Even before that, he was just a shape, just a noise next door, another stranger in a world full of them.
‘Why?’
‘She saw,’ he says. ‘I had no choice.’
I glance at Jamie, his tears soaking the rag in his mouth.
‘She was taking photos, snooping on me. She hated me living next door, in his house, moving in with her friend. But she picked the wrong day to spy.’
I think of the four blurry images, the mixture of colours that has now seeped into my dreams.
‘What did she see?’
The look on his face chills me. ‘She saw what I was burning.’
I don’t think she did. I think she was trying to, but whatever it was she couldn’t get it clear enough. She tried, she failed, and he killed her anyway.
‘I should thank you,’ he says. ‘It seems right that we end it here, back where it started.’
I don’t understand what he’s talking about, and then suddenly I do.
‘What did you mean when you said this worked last time?’
The Magpie Man smiles and says, ‘I think you know.’
The suicide in the graveyard on the day before Mum died wasn’t suicide. It was murder.
‘You’d killed before,’ I say.
He crouches down next to me and says, ‘It wasn’t the same. I felt nothing. And there was so much blood. I had to burn my clothes.’
The reds and yellows and greens – the garden fire Mum was trying to stare into. He saw her watching, he took her photo, and that night he took her life.
‘She didn’t see anything,’ I say. ‘It was blurry. She didn’t know what she was looking at.’
He looks confused, then says, ‘I got rid of her phone.’
‘It wasn’t on her phone. It was a camera.’
For the first time, Elliot looks genuinely scared, and as he turns away I seize my chance.

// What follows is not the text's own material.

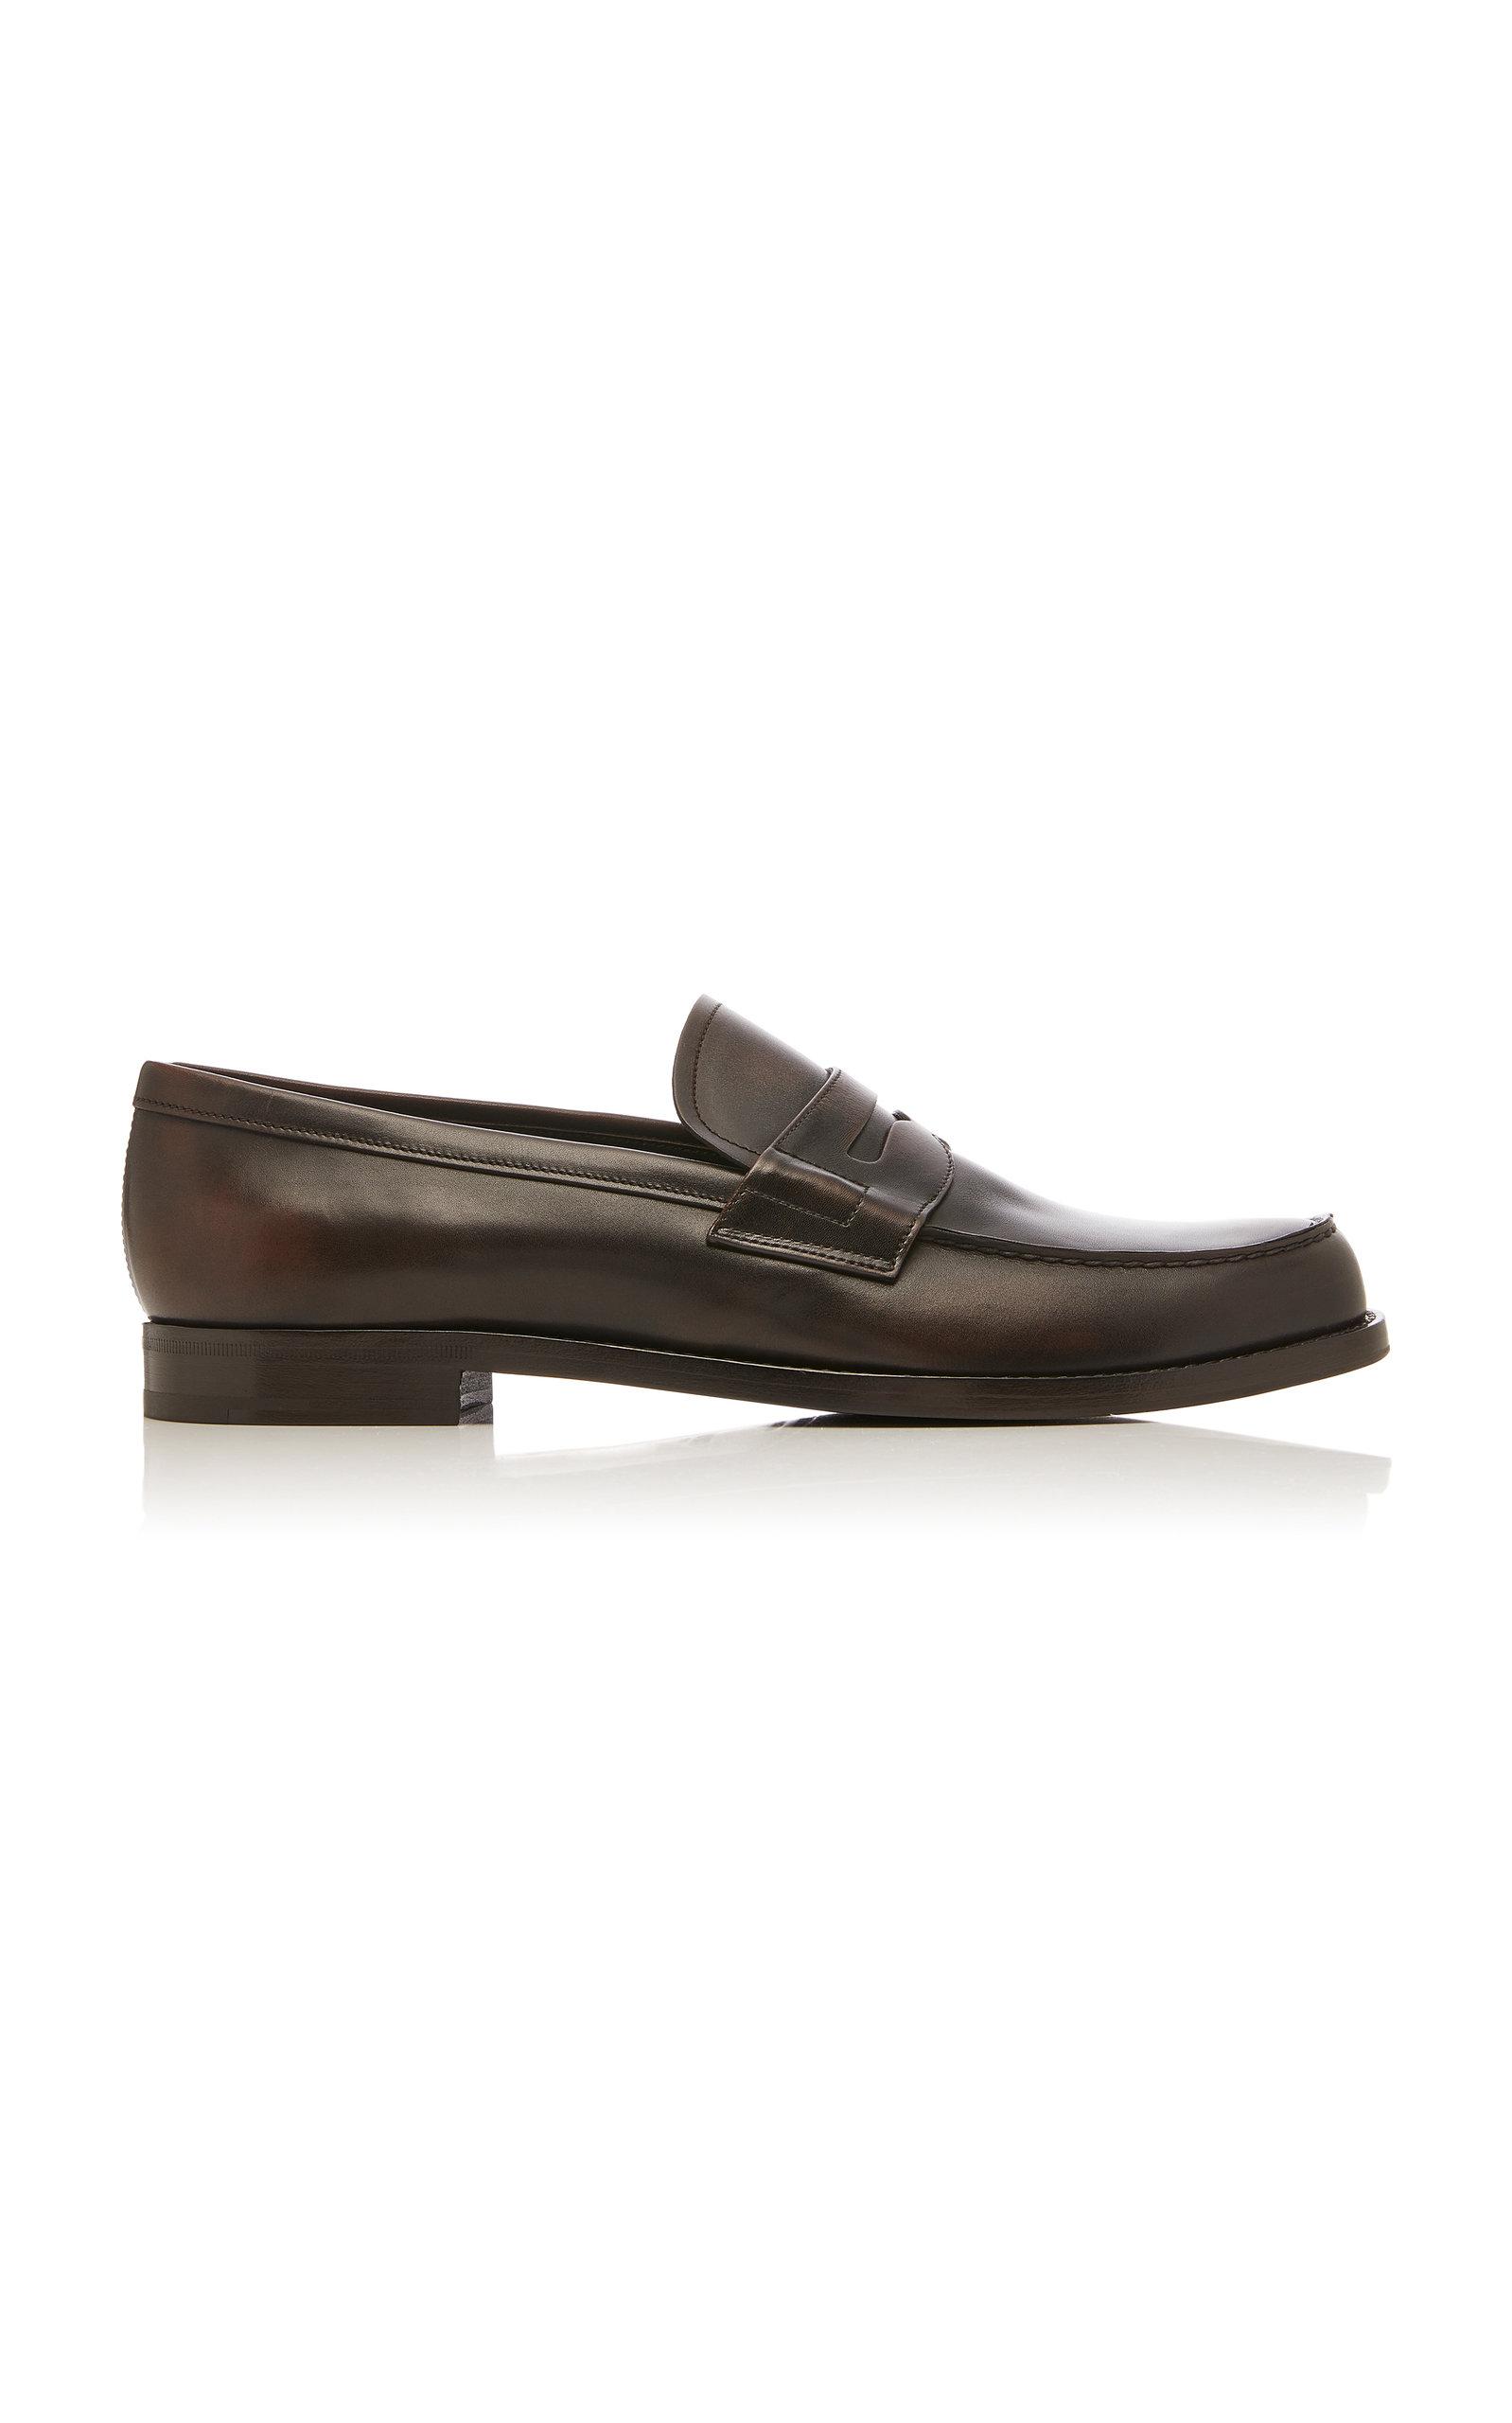 502b13b8756 PradaVitello Bristol Leather Penny Loafers. CLOSE. Loading

I stand and run and for a few seconds there’s no sound except my breathing and my feet against the ground. Then he’s shouting and I start weaving between the gravestones, running as fast as I can.

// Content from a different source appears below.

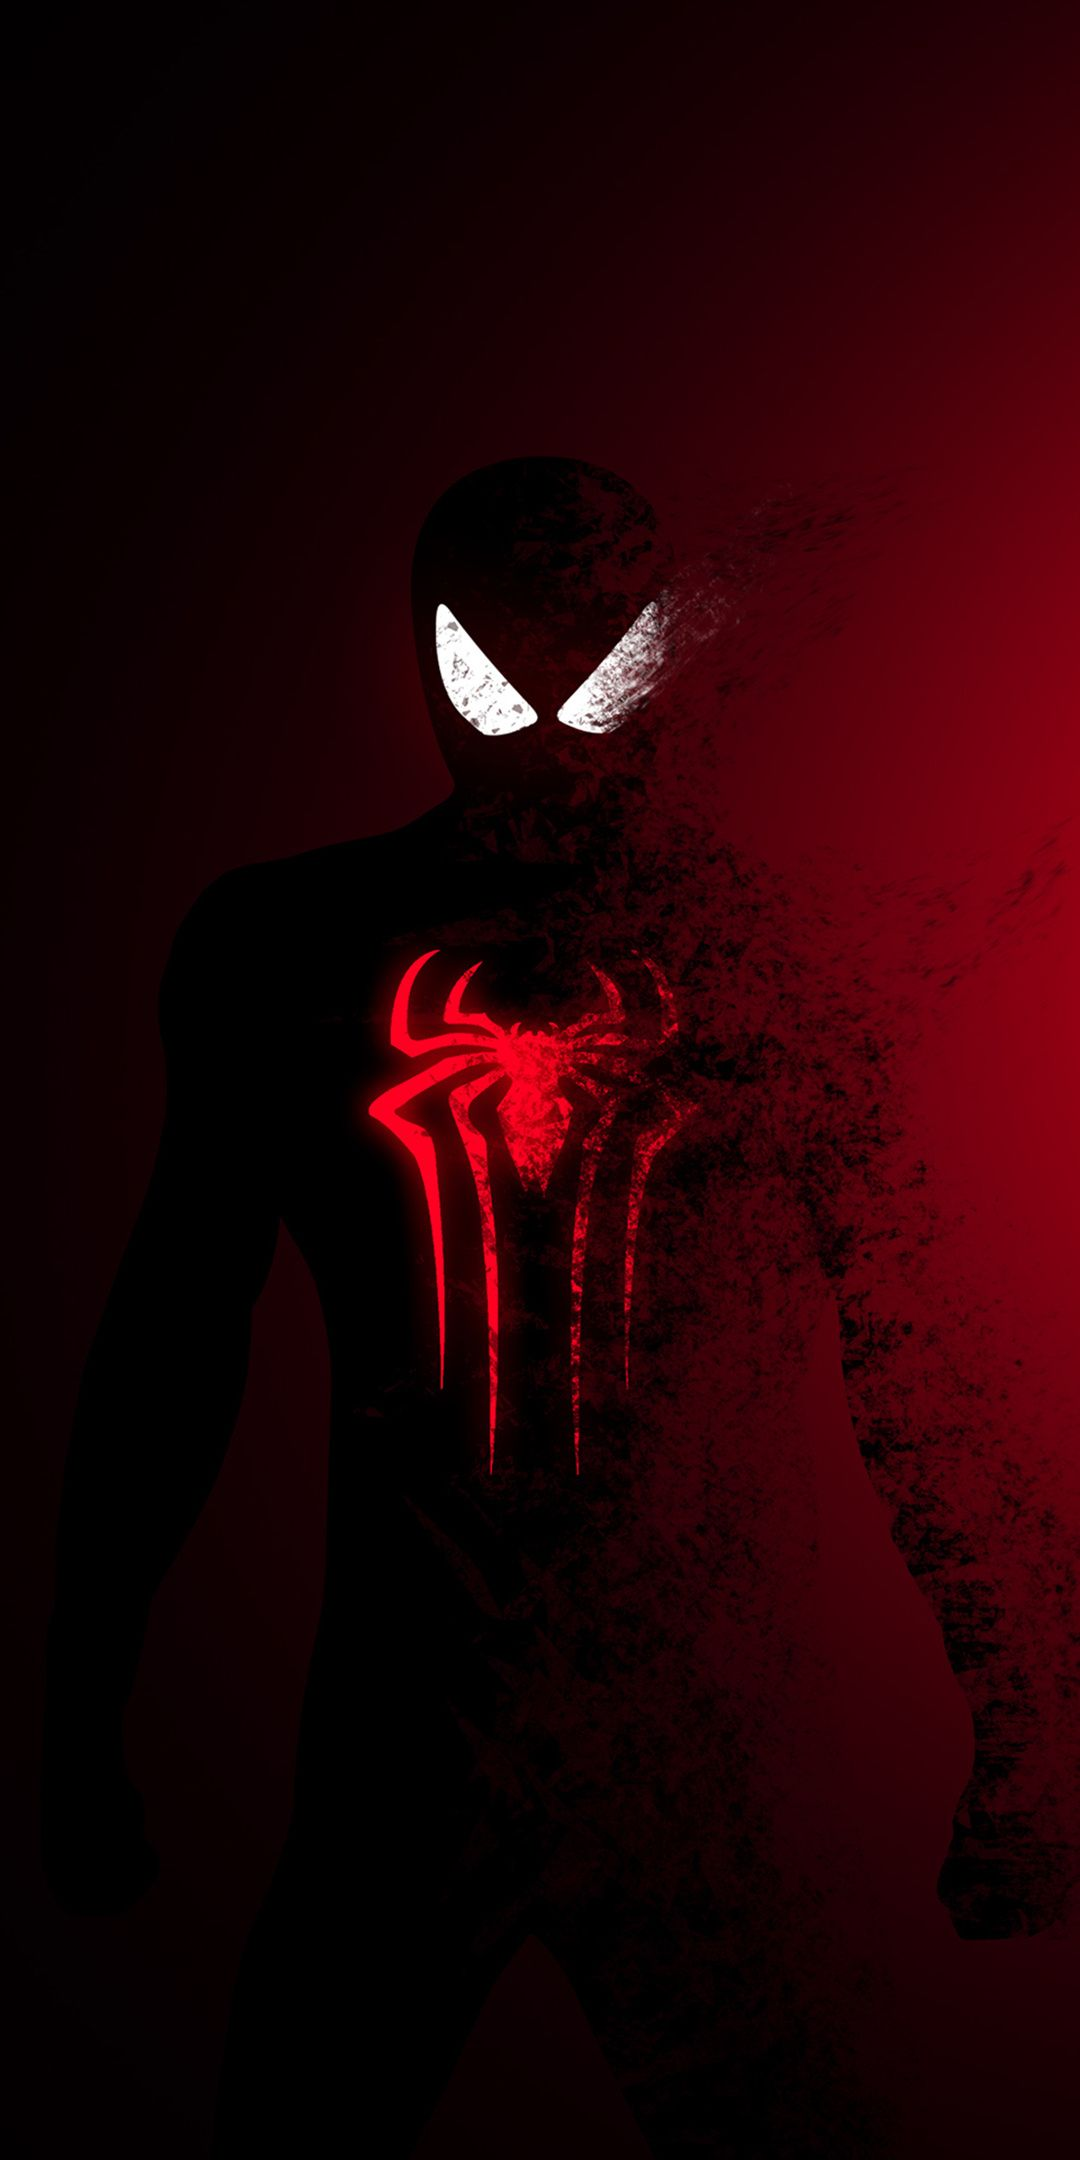 1080x2160 Spiderman, SpiderMan Far From Home, darkred

Not stopping, I reach into my bra and pull out Dad’s phone and dial 999.
I hear the Magpie Man behind me, his own heavy breathing ripping through the darkness, and I dart to my right and start moving slower, trying not to make a sound.

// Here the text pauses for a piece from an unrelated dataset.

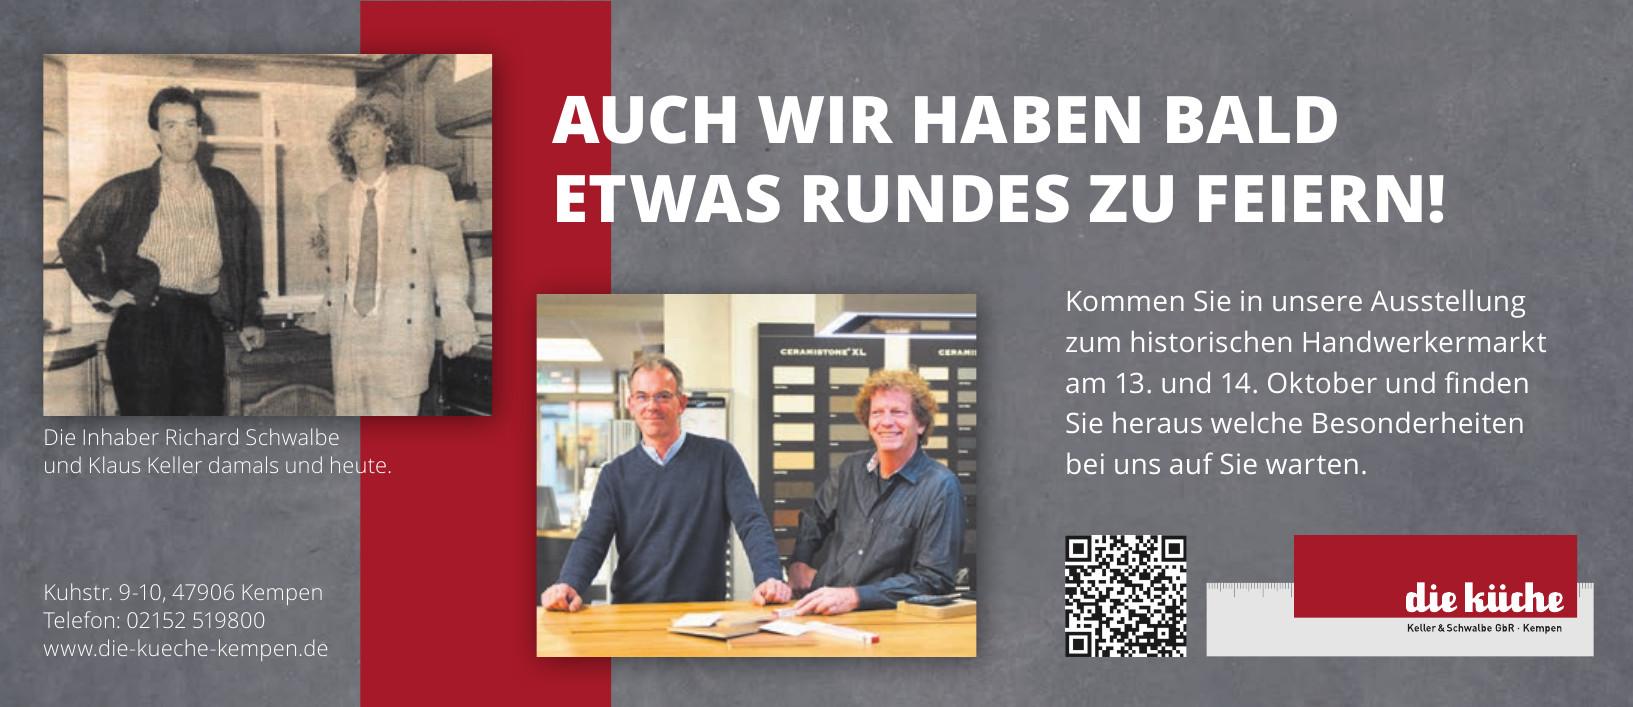 Die Küche Keller & Schwalbe GbR

‘999, what’s your emergency?’
I hear him stop, the crunch of the leaves on the ground suddenly slow and deliberate, as if he heard the operator speaking into my ear.
If I reply, he will hear me and I won’t have time to tell them where I am, let alone why.
The woman starts to repeat herself so I hang up, feeling my way between the stones, praying that I’m moving away from him with each careful step.
‘What do you expect to happen, Jessica?’ he calls. ‘I will find you.’
I hear him walking towards me, too slowly to know exactly where I am.
I stick to the shadows, terrified the moonlight will give me away. Every sound feels louder in the darkness, each snap of a twig like thunder in my ringing ears.
His footsteps crack against the uncut grass and I freeze, my fists balled up so tight my fingernails dig into the skin. The pain focuses me and I close my eyes, listening for his movements, figuring out exactly which part of the darkness he’s coming from.
I’m too scared to breathe deeply. Instead, my breath comes out small and jagged, my chest growing tighter until I’m sure I’ll explode.
He isn’t calling any more. He’s listening as closely as I am. He’s hunting me.